- Born: 1 October 1929 Milan, Italy
- Died: 28 September 2025 (aged 95) Milan, Italy
- Occupation(s): Journalist, television author
- Known for: Popularising slow-motion analysis on RAI's La domenica sportiva

= Carlo Sassi =

Italian sports journalist (1929–2025)

Carlo Sassi (1 October 1929 – 28 September 2025) was an Italian sports journalist and television author, widely credited with popularising systematic slow-motion analysis on Italian television and helping to define the language and ritual of football debate for decades. He became closely associated with the moviola segment on La domenica sportiva, where from the late 1960s he turned slow-motion replays into a weekly interpretive tool that shaped Sunday night discussions of refereeing and the culture of Italian football.
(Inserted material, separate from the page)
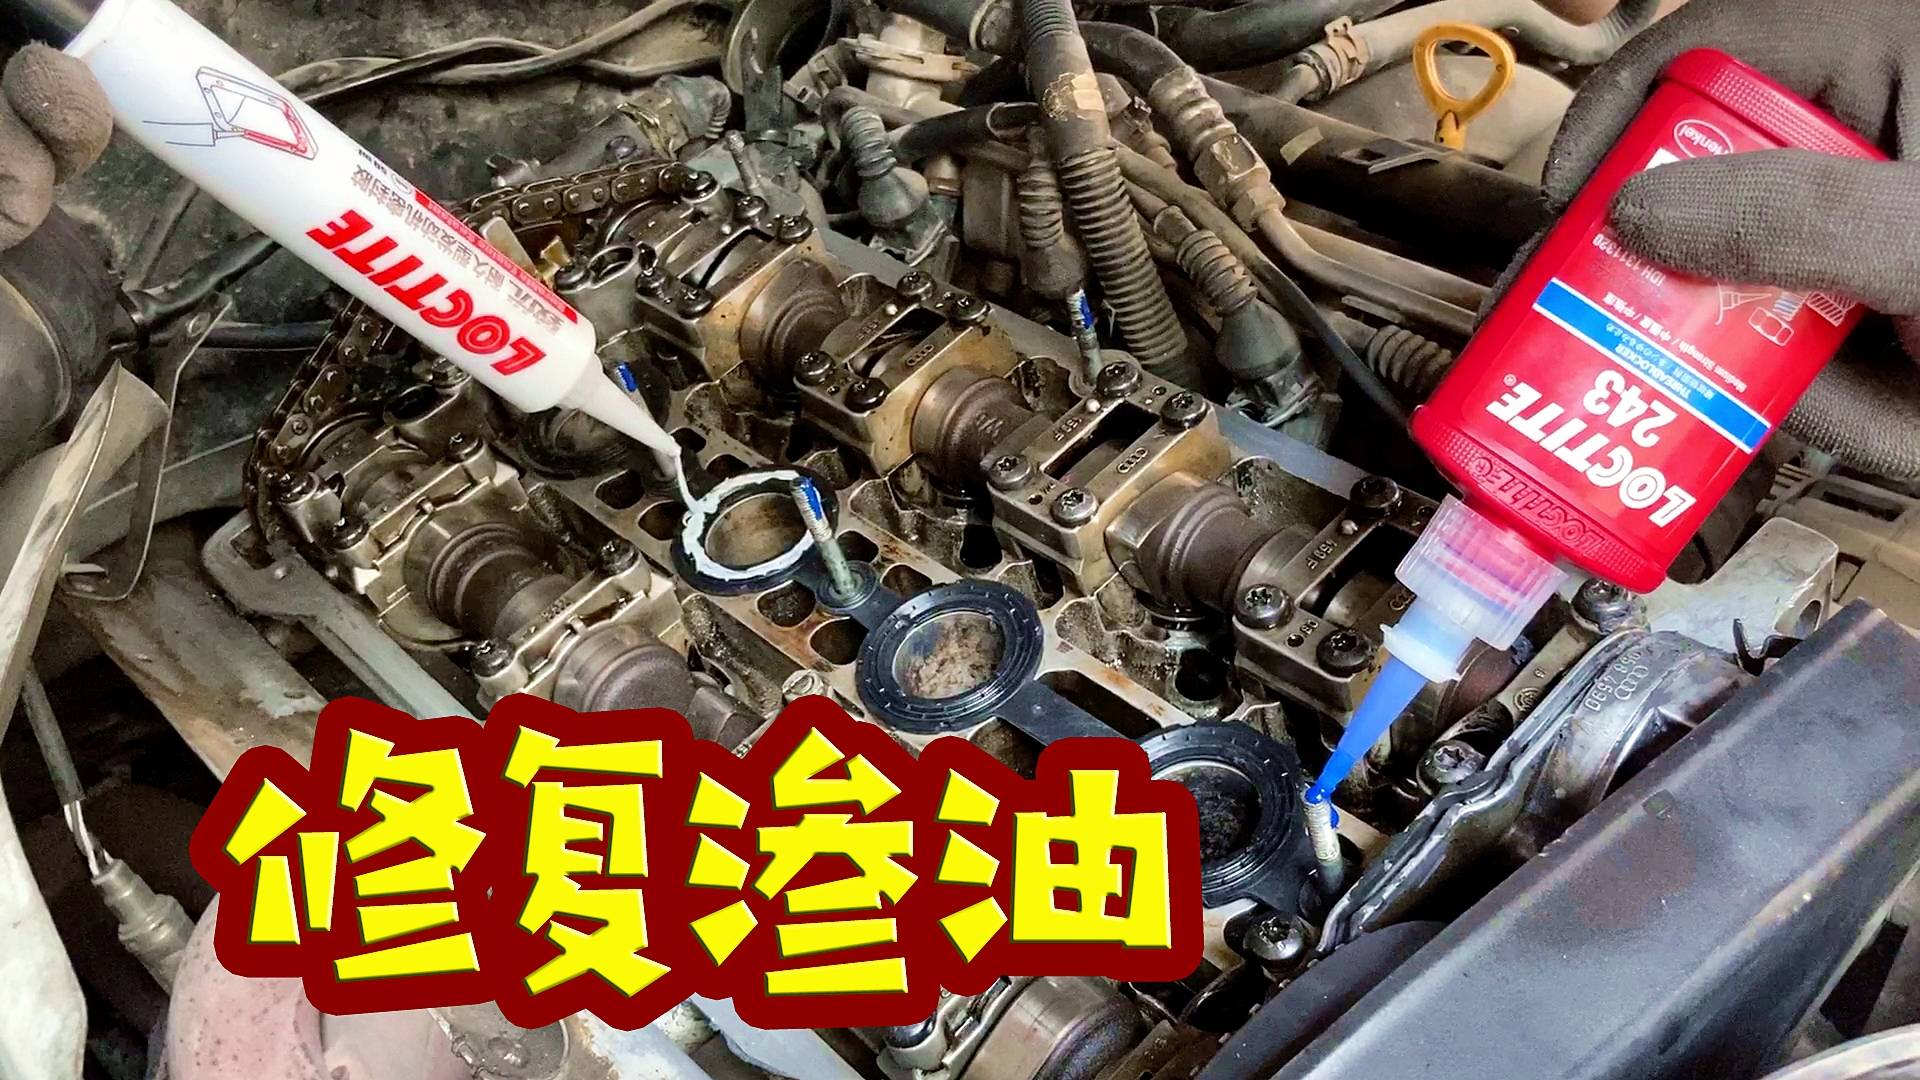 【撸车师兄】发动机漏机油反反复复?规范修理很重要,师兄教你自己动手修

== Early life and education ==
Sassi was born in Milan on 1 October 1929. As a teenager he sought a playing career in football, including a trial with Inter Milan and a contract with Angerese in Serie C before choosing to leave the professional game. He subsequently played at amateur level for several seasons and then worked in a bank for nine years, a sequence often cited as a prelude to his move into broadcasting.

== Career ==
Sassi joined the national broadcaster RAI in 1960 and from the outset worked on La domenica sportiva, the country's longest-running sports programme. Within that newsroom he became identified with an innovation that soon defined Italian football coverage, namely the systematic use of slow-motion review, or moviola, to re-examine contentious incidents. Elements of slow motion had been shown on air earlier on 28 February 1965, when Enzo Tortora introduced the moviola to the audience of La domenica sportiva, but Sassi developed the practice into a regular interpretive instrument for match controversies.
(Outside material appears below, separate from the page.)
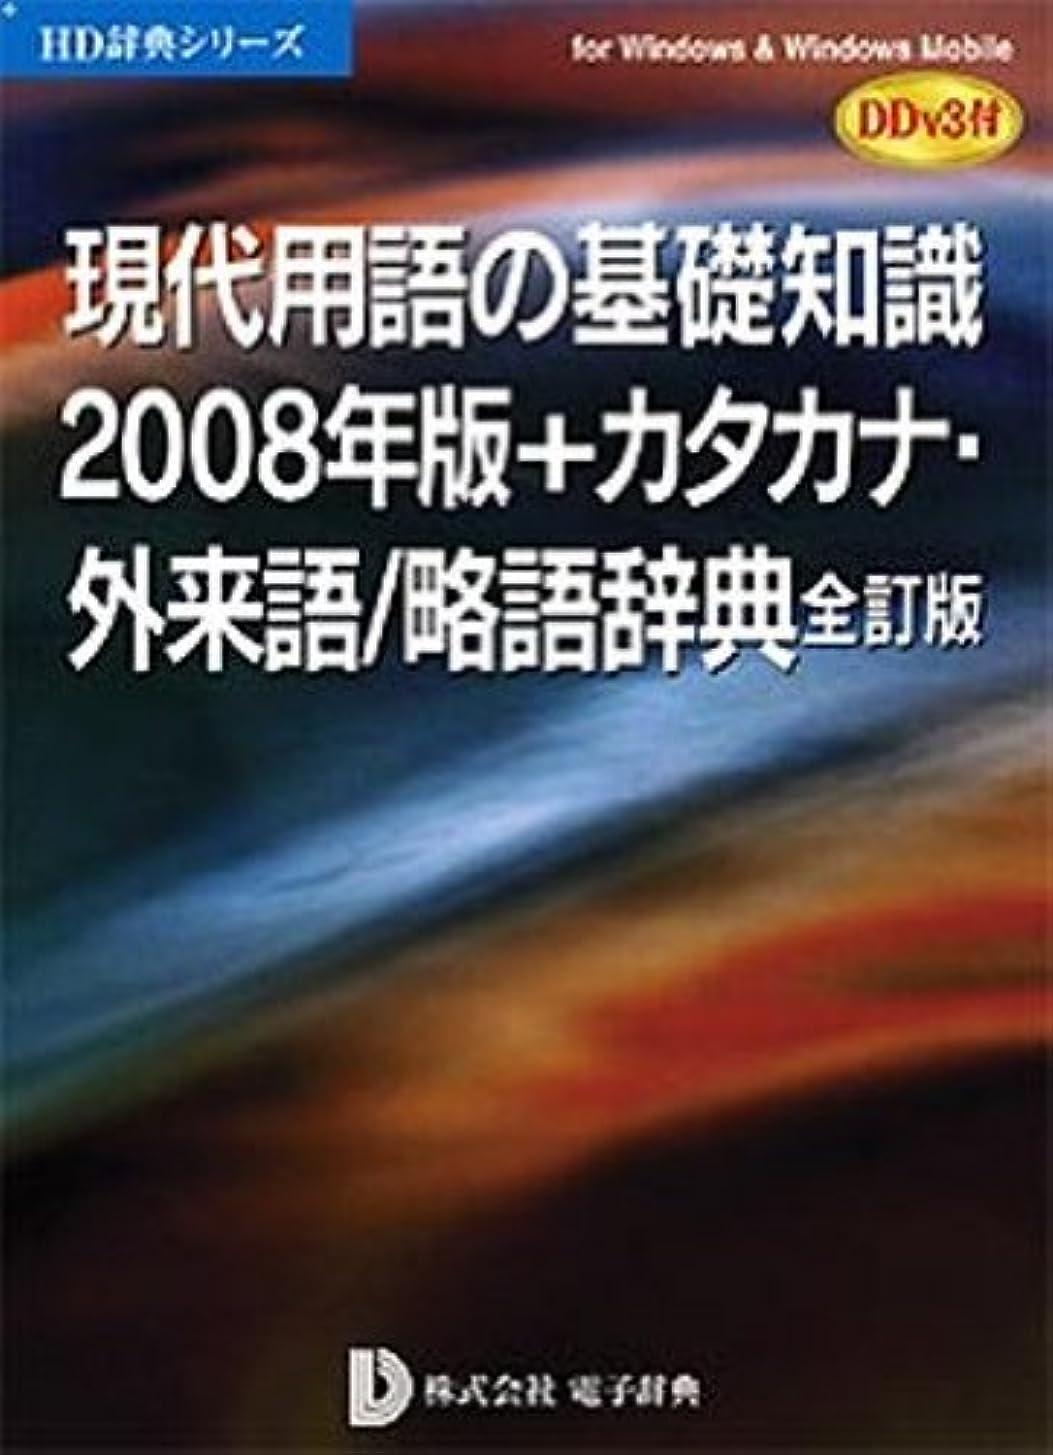 シールド治世動現代用語の基礎知識2008年版+カタカナ?外来語/略語辞典 DDv3付き アカデミック

A widely noted turning point came on 22 October 1967 during the Derby della Madonnina between Inter Milan and AC Milan, when Sassi and film editor Heron Vitaletti scrutinised Gianni Rivera's disputed goal frame by frame, inaugurating the "moviola" as an investigative rubric rather than a mere replay. Rai Teche later credited Sassi, with Vitaletti's contribution, for proposing and standardising the moviola feature from 1967 within La domenica sportiva, a format that became a national reference for post-match debate. Over subsequent seasons he refined the approach from selecting episodes to offering on-air analysis, and in the 1980s he fronted segments devoted to contentious incidents that brought direct discussion of individual episodes to a mass audience.

Sassi remained a central figure on La domenica sportiva until 1991, by which time the moviola had become a fixture of Sunday night television and an arena in which refereeing judgment and football culture met in ritualised post-match review. He then participated in RAI's early 1990s formats around the programme's renewal, appearing alongside Sandro Ciotti during the 1992 relaunch of La domenica sportiva. From 1993 he was part of Quelli che... il calcio, conceived by Marino Bartoletti and launched with Fabio Fazio, a Sunday show that mixed live connections and studio commentary and prominently featured Sassi's expertise until 2001.
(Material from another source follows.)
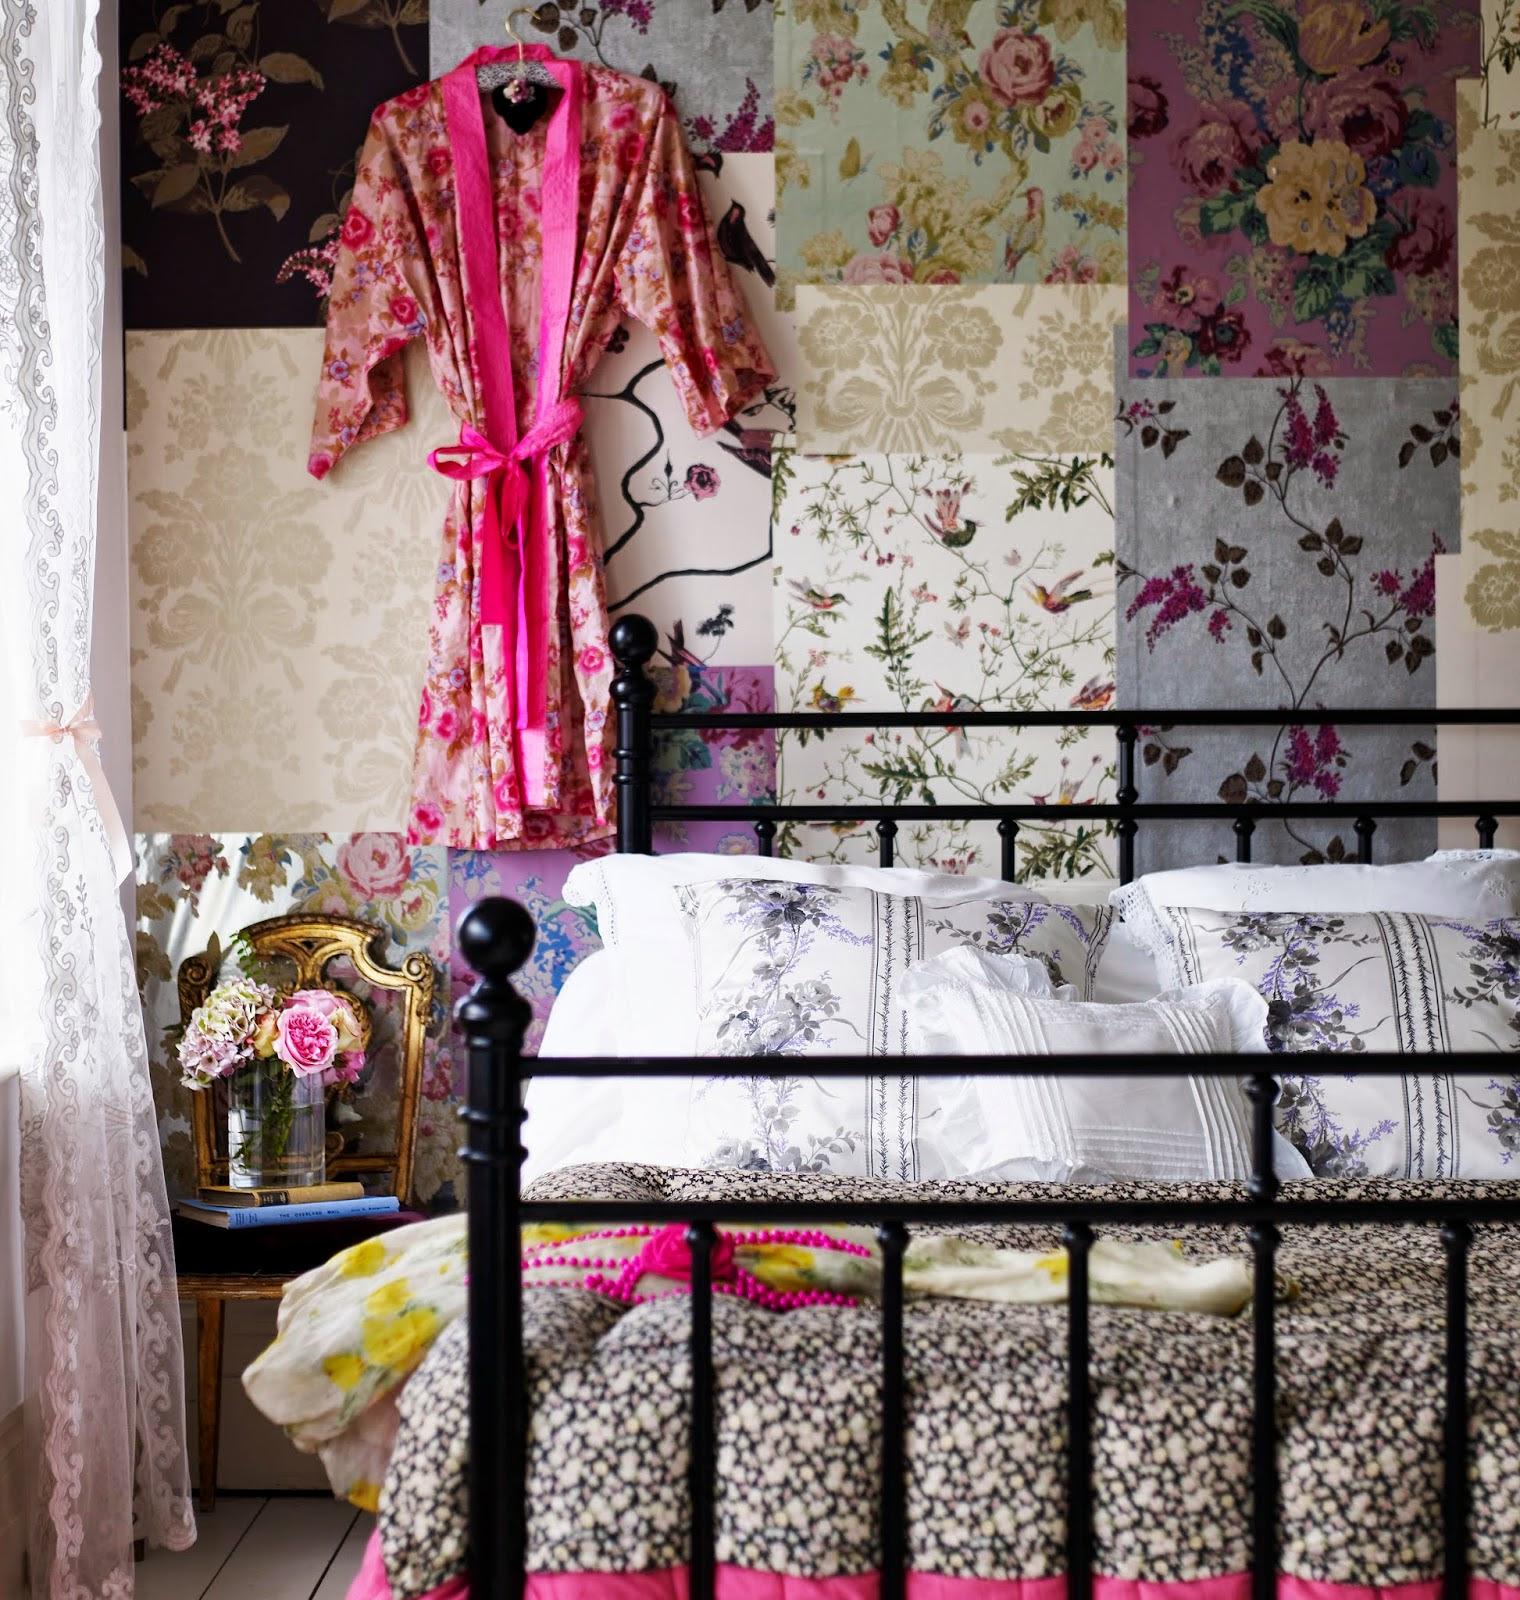 O papel de parede desse quarto mistura diferentes estampas florais (crédito da foto: reprodução blog Selina Lake)

Beyond the studio Sassi reflected on the scope and limits of television review, arguing that slow motion should not be treated as a definitive evidentiary instrument but as an aid to understanding that coexists with the fallibility of play and officiating. He also figured in later debates over the famous 1981 Juventus and A.S. Roma "gol di Turone," when interviews revived longstanding controversies and prompted renewed discussion in the national press.

== Death ==
Sassi died in Milan in September 2025, at the age of 95.